** Data provided **
.....
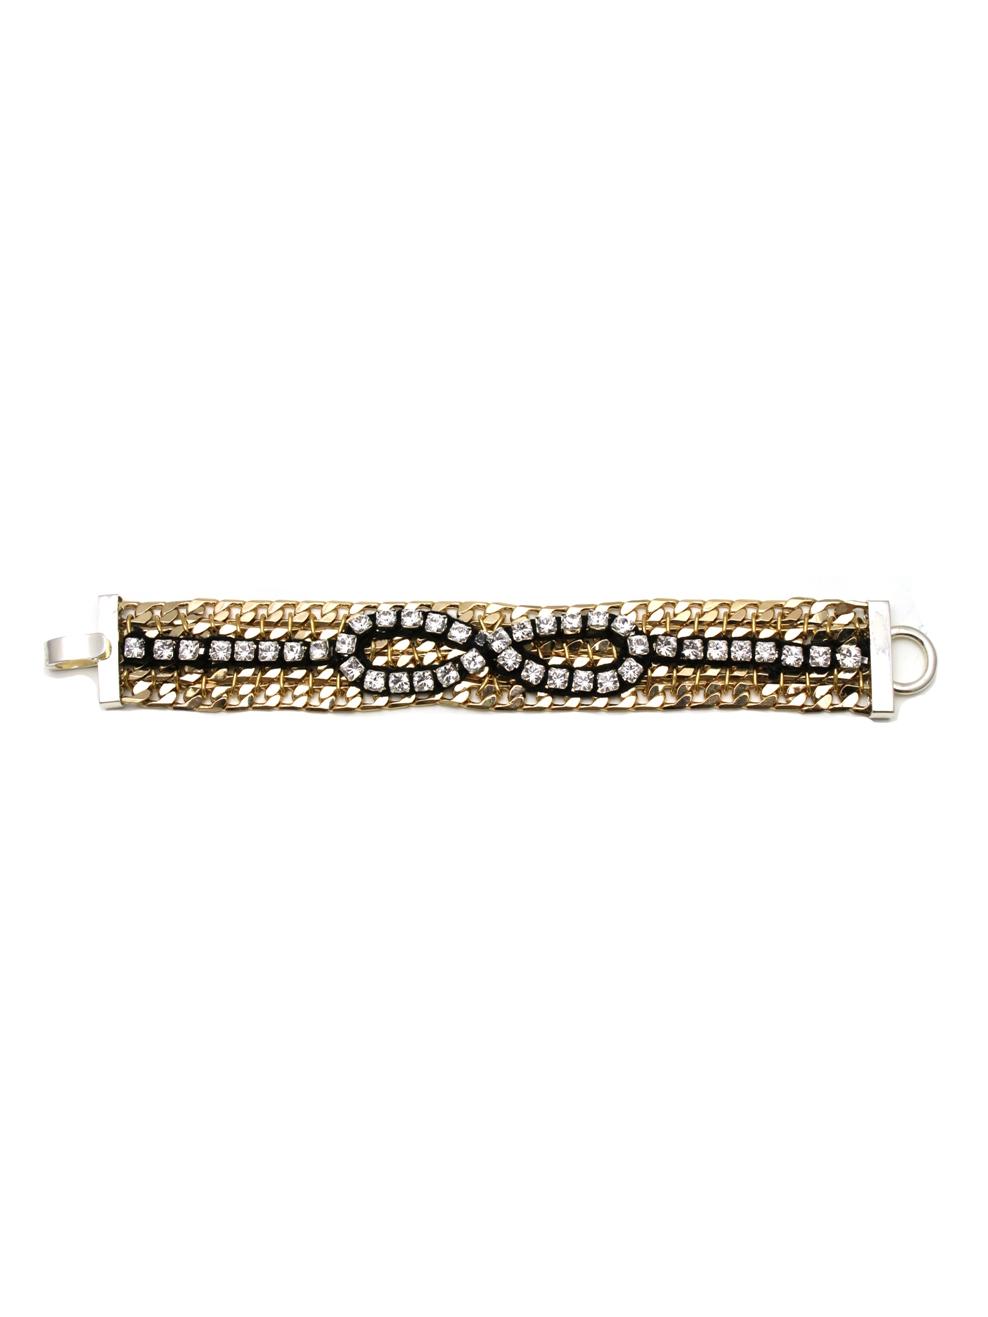 066 - Black Mask Bracelet.jpg
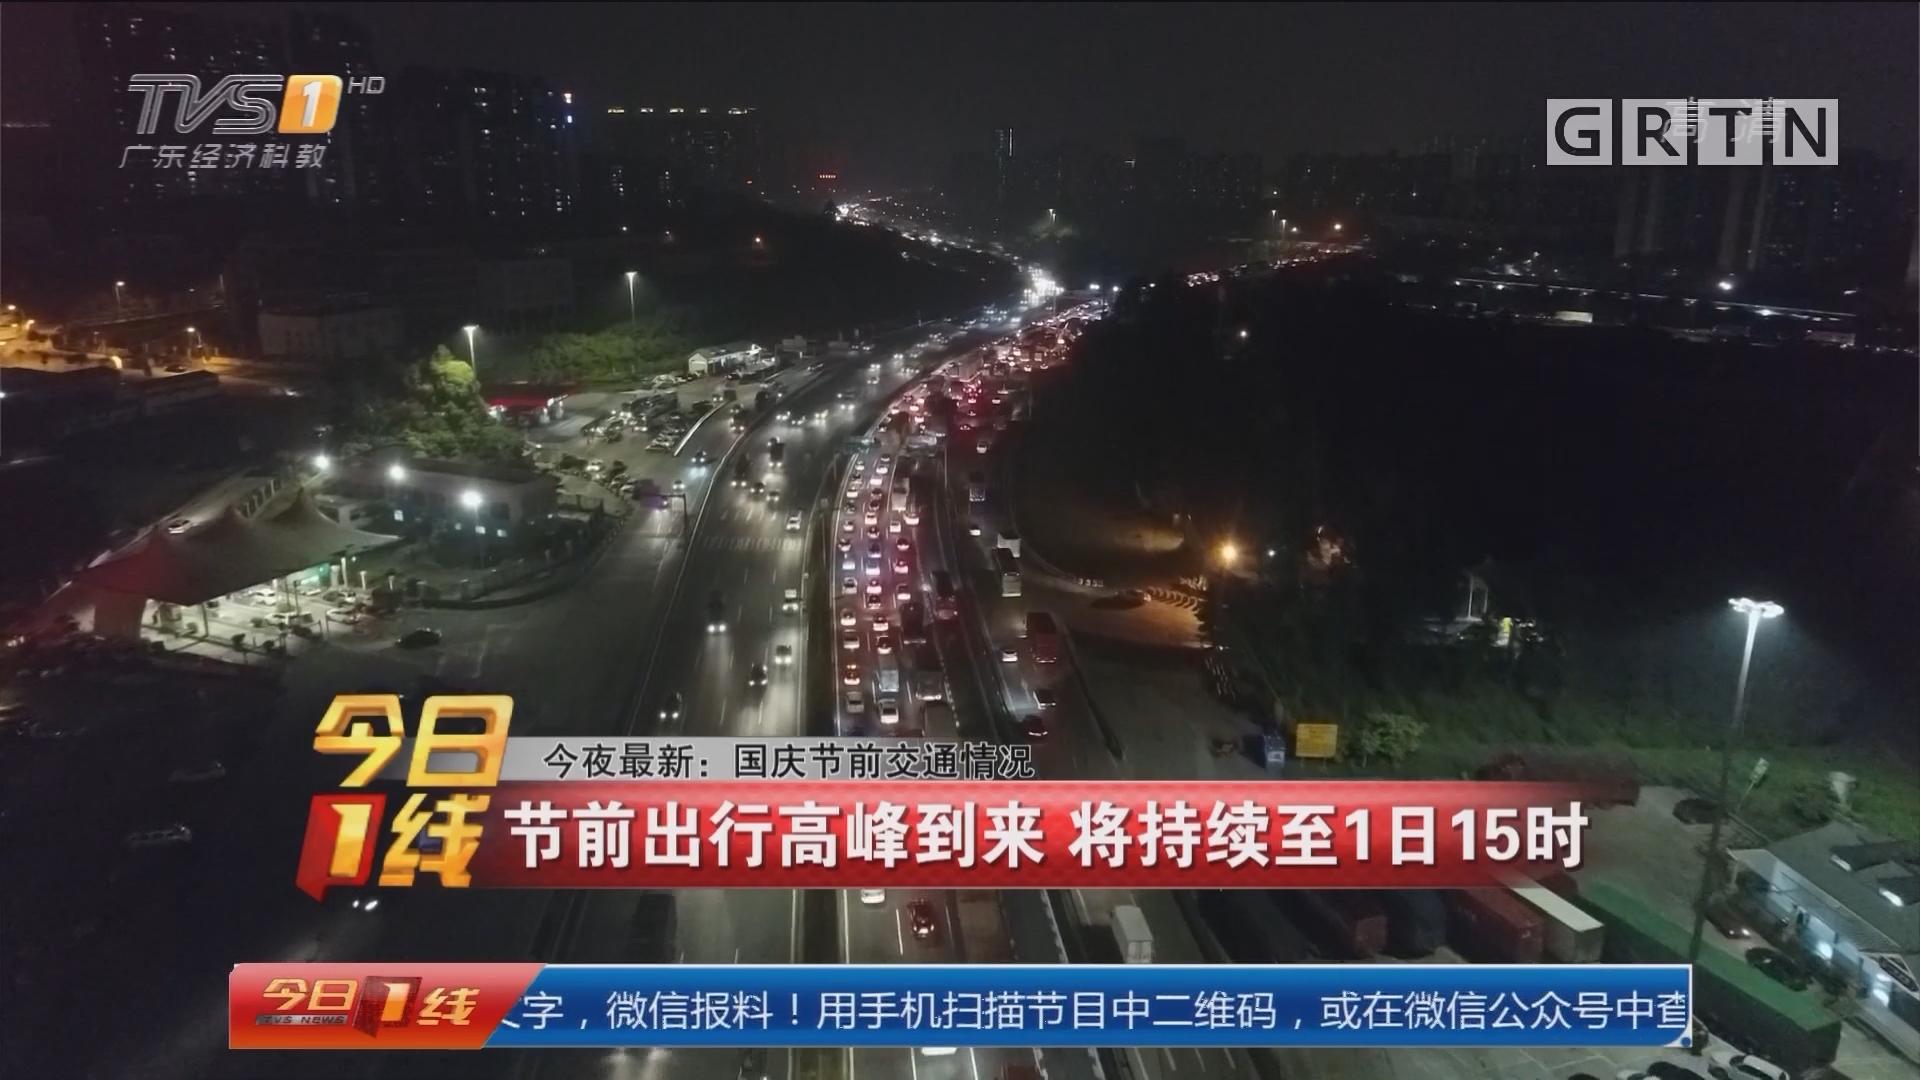 今夜最新:国庆节前交通情况 节前出行高峰到来 将持续至1日15时
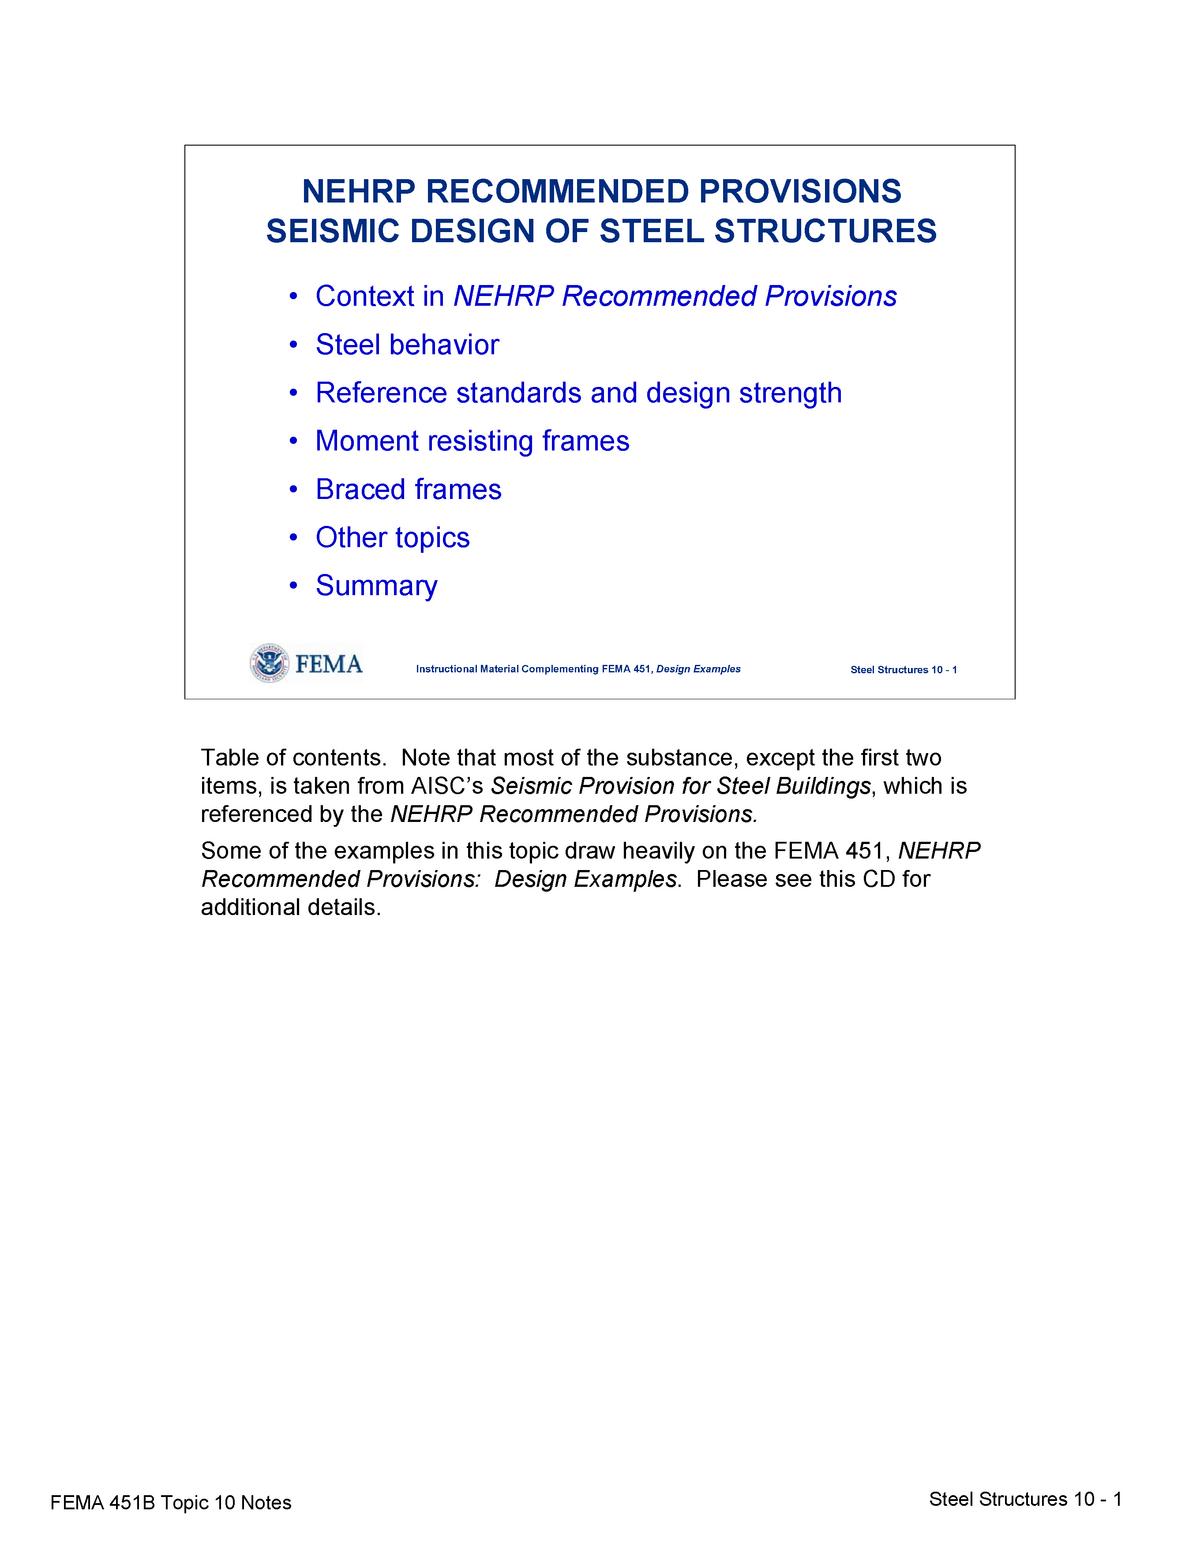 Topic 10 Seismic Designof Steel Structures Notes Civl 8119 Studocu
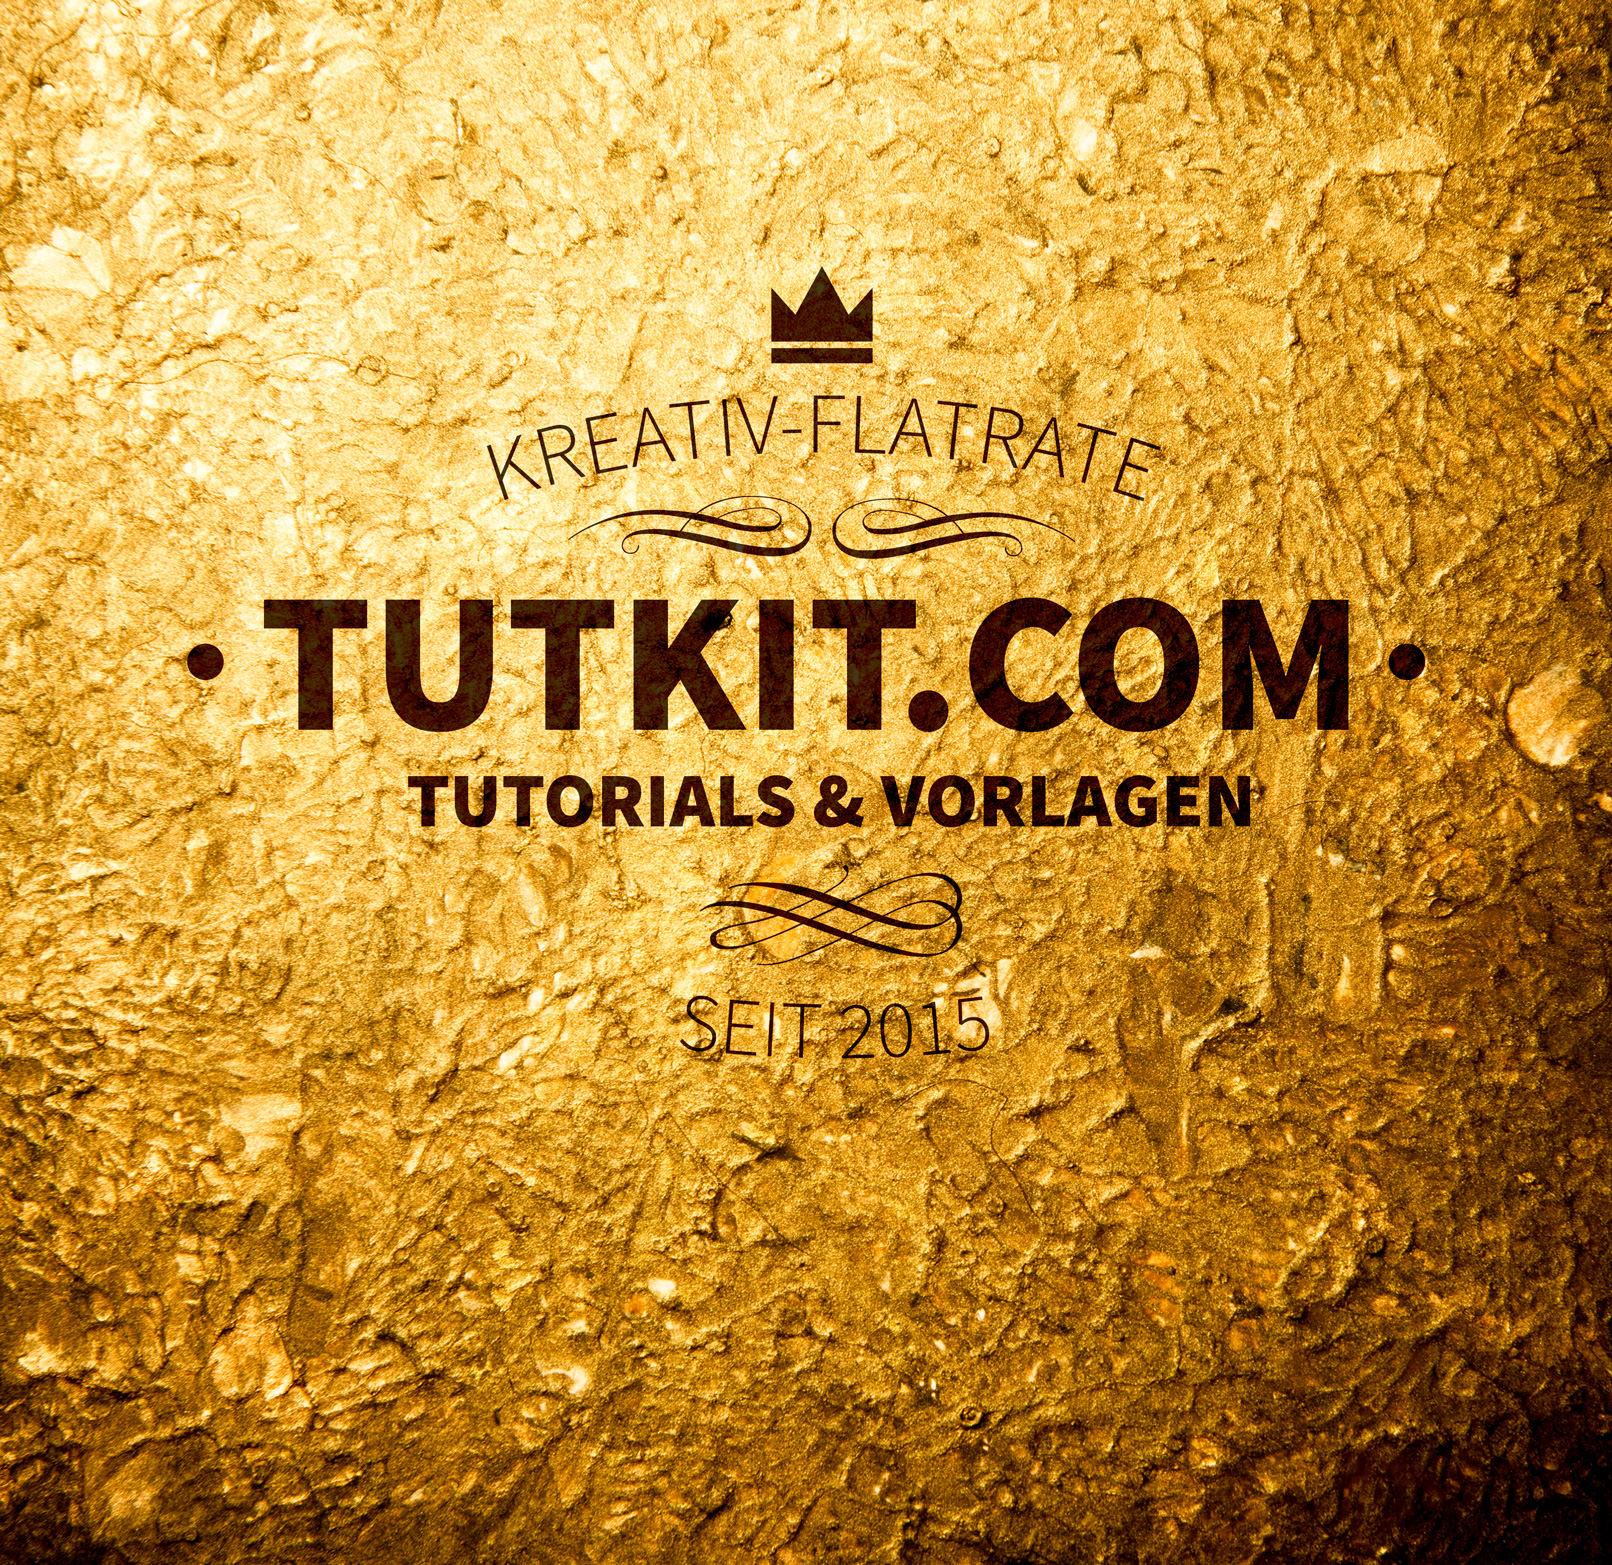 Gold-Textur im Hintergrund eines Schriftzugs
.....
** Work request **
Each line from the one containing "今夜最新:国庆节前交通情况 节前出行高峰到来 将持续至1日15时" through the end of the listing is to be set down exactly, with all pictures left out.

** Your solution **
 今夜最新:国庆节前交通情况 节前出行高峰到来 将持续至1日15时
 Topic 10 Seismic Designof Steel Structures Notes Civl 8119 Studocu
 Gold-Textur im Hintergrund eines Schriftzugs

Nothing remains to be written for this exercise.